> **WHAT TO PRODUCE**
Give again, exactly as written, the lines of the records below from the line with "AC 115/250V 15A" to the line with "Entrevista Jornal Comércio". Both end lines count; pictures do not.

> **INFORMATION PROVIDED**
=== Section Start ===

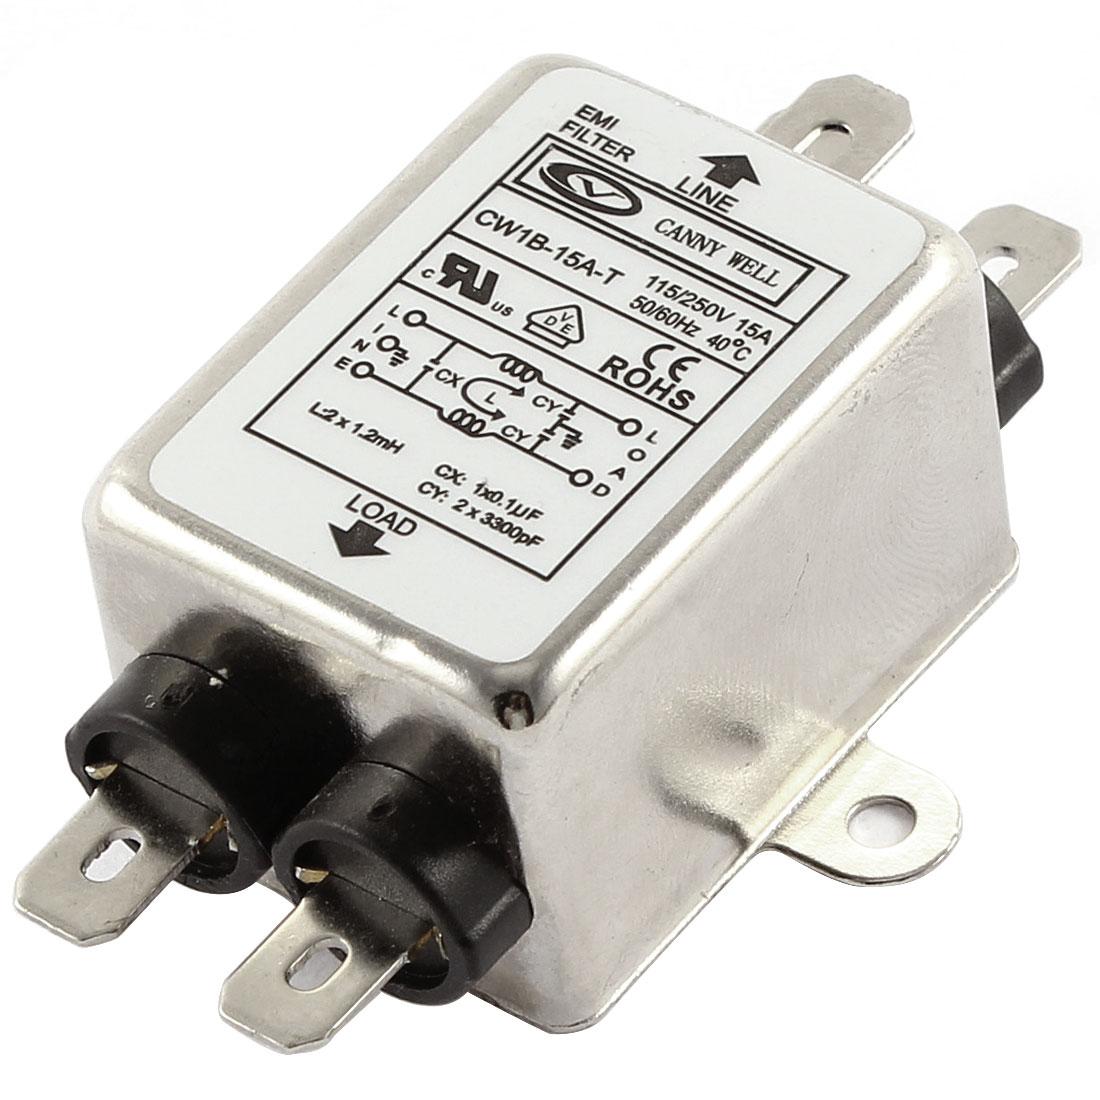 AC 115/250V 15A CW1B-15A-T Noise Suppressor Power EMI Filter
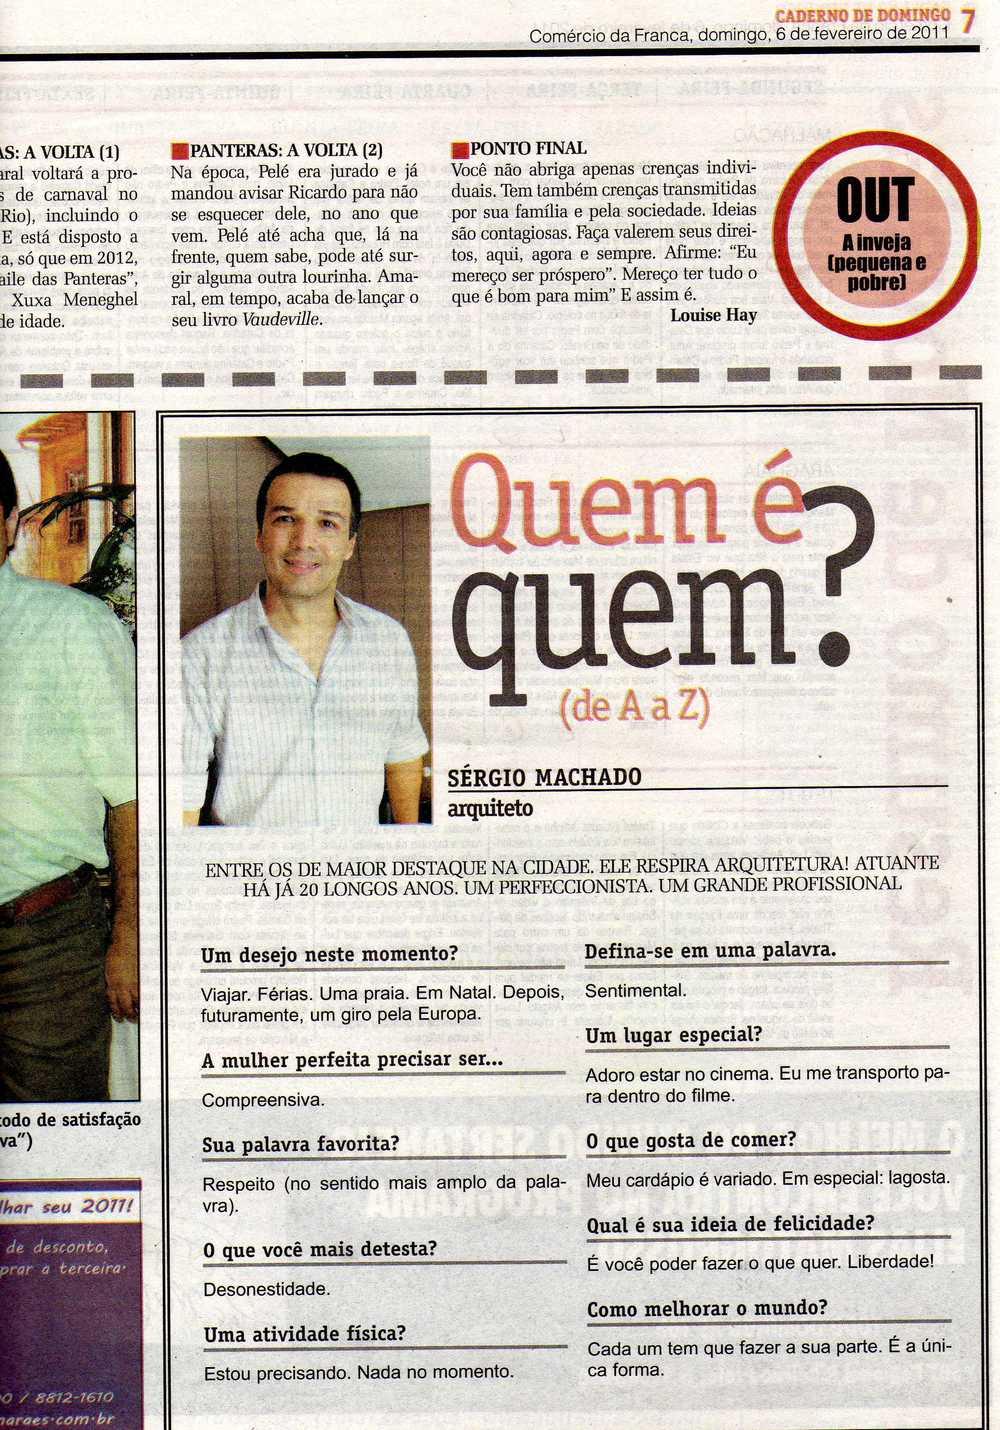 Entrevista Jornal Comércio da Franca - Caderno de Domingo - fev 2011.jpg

=== Section End ===
=== Section Start ===

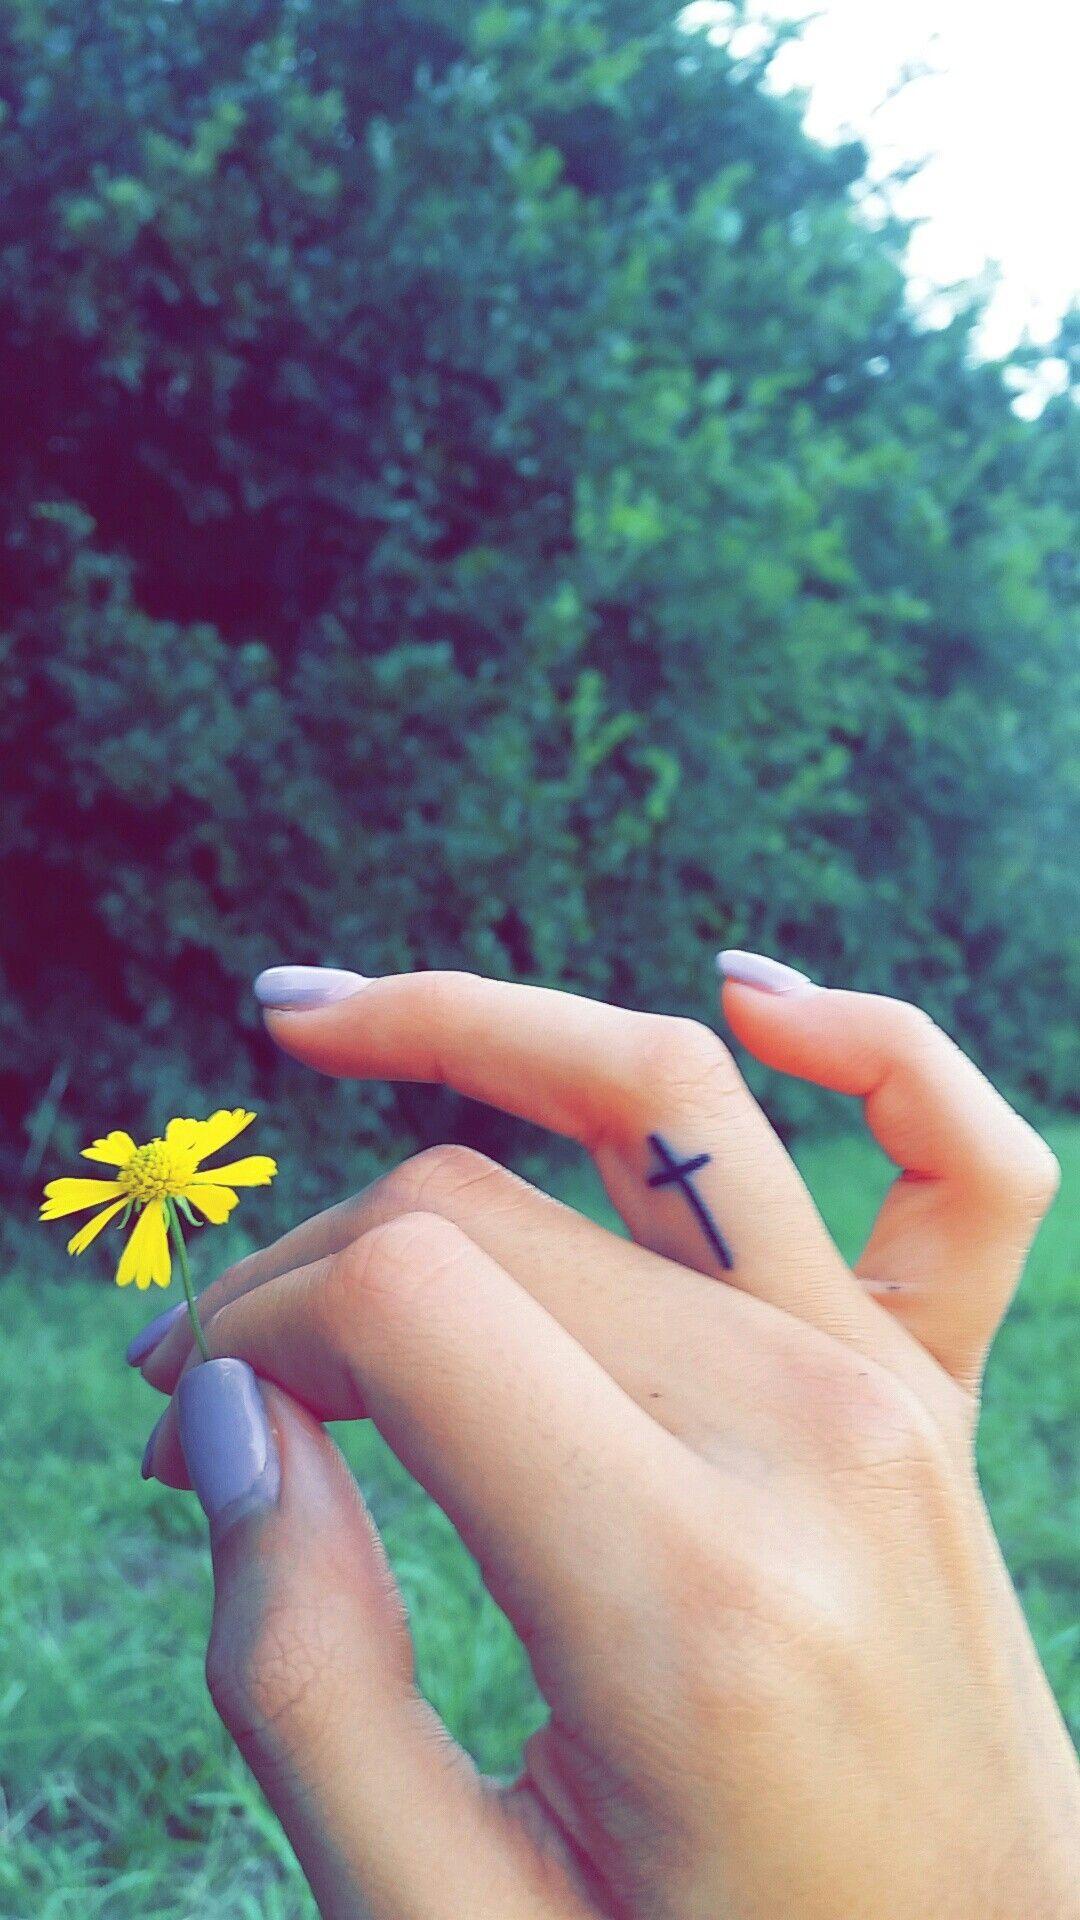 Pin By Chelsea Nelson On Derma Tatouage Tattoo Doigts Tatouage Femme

=== Section End ===
=== Section Start ===

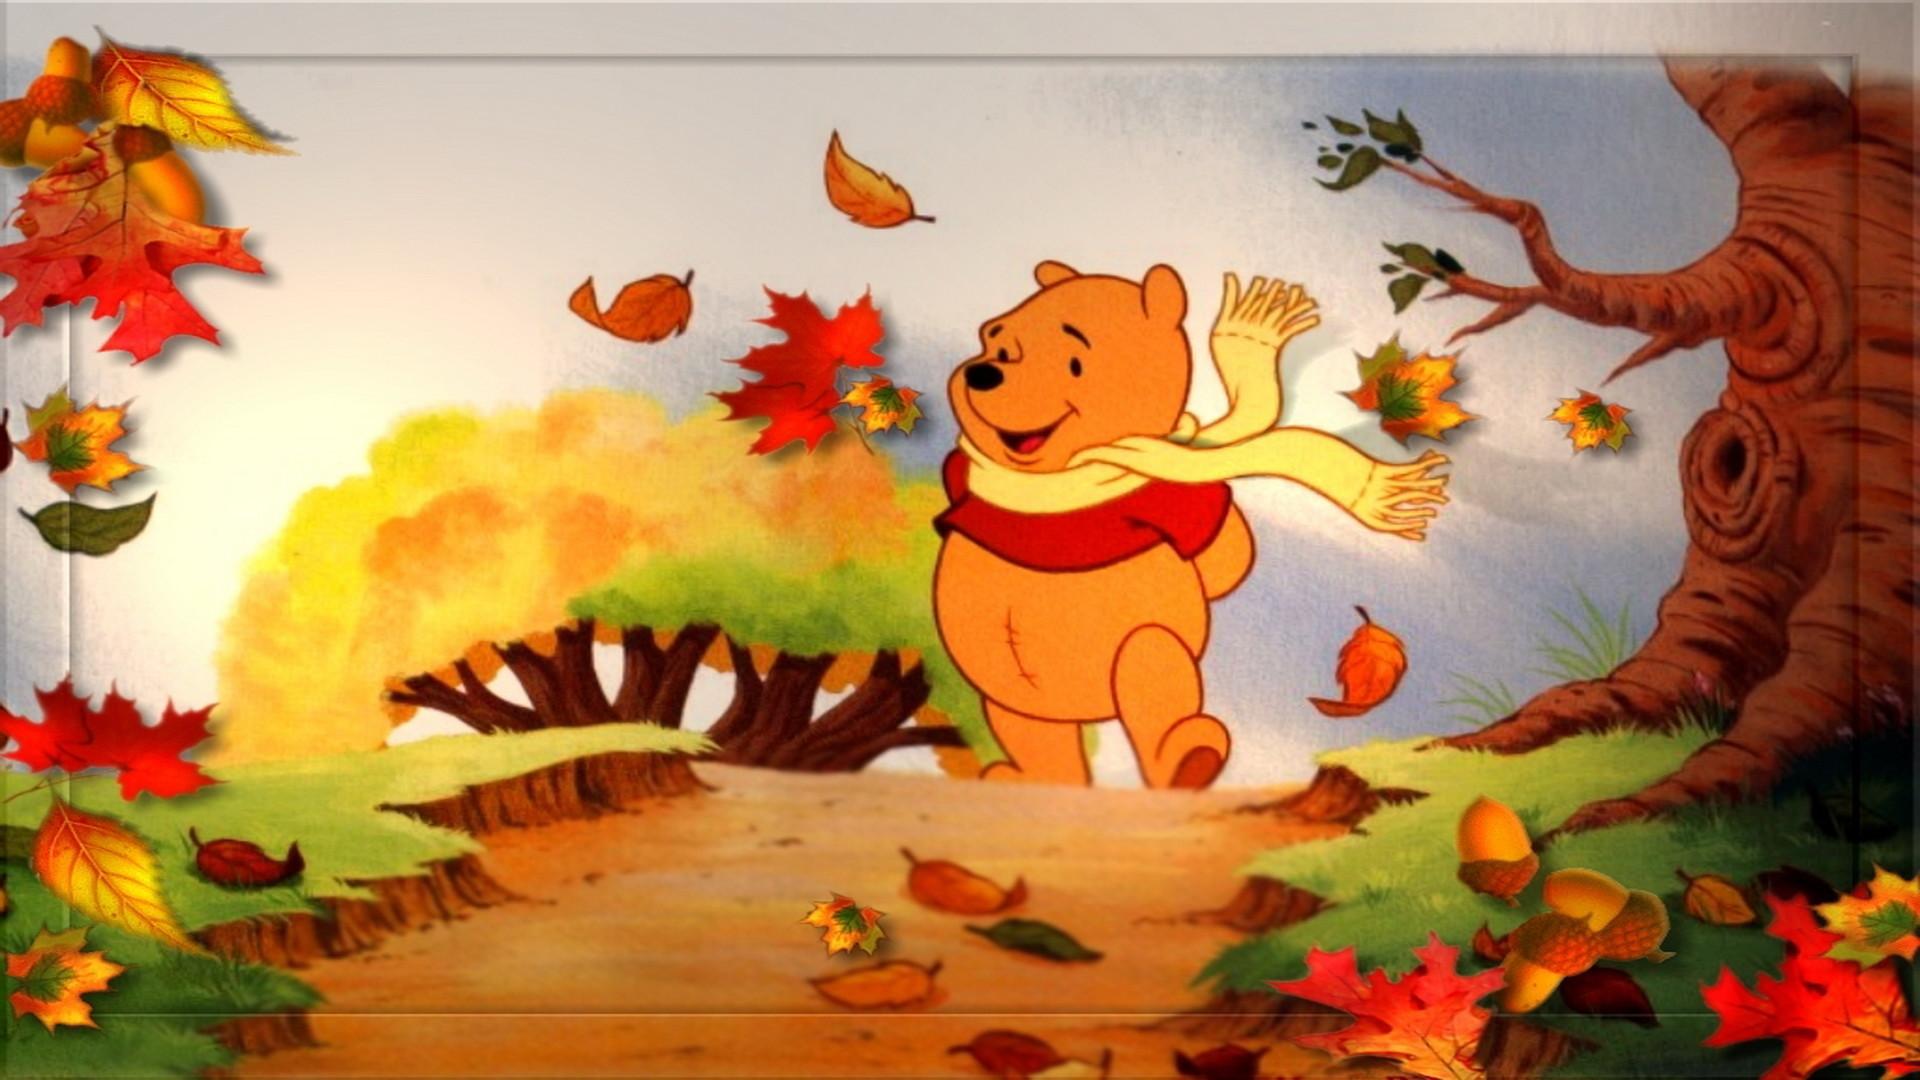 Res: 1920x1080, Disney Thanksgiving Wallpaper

=== Section End ===

> **TASK RESPONSE**
 AC 115/250V 15A CW1B-15A-T Noise Suppressor Power EMI Filter
 Entrevista Jornal Comércio da Franca - Caderno de Domingo - fev 2011.jpg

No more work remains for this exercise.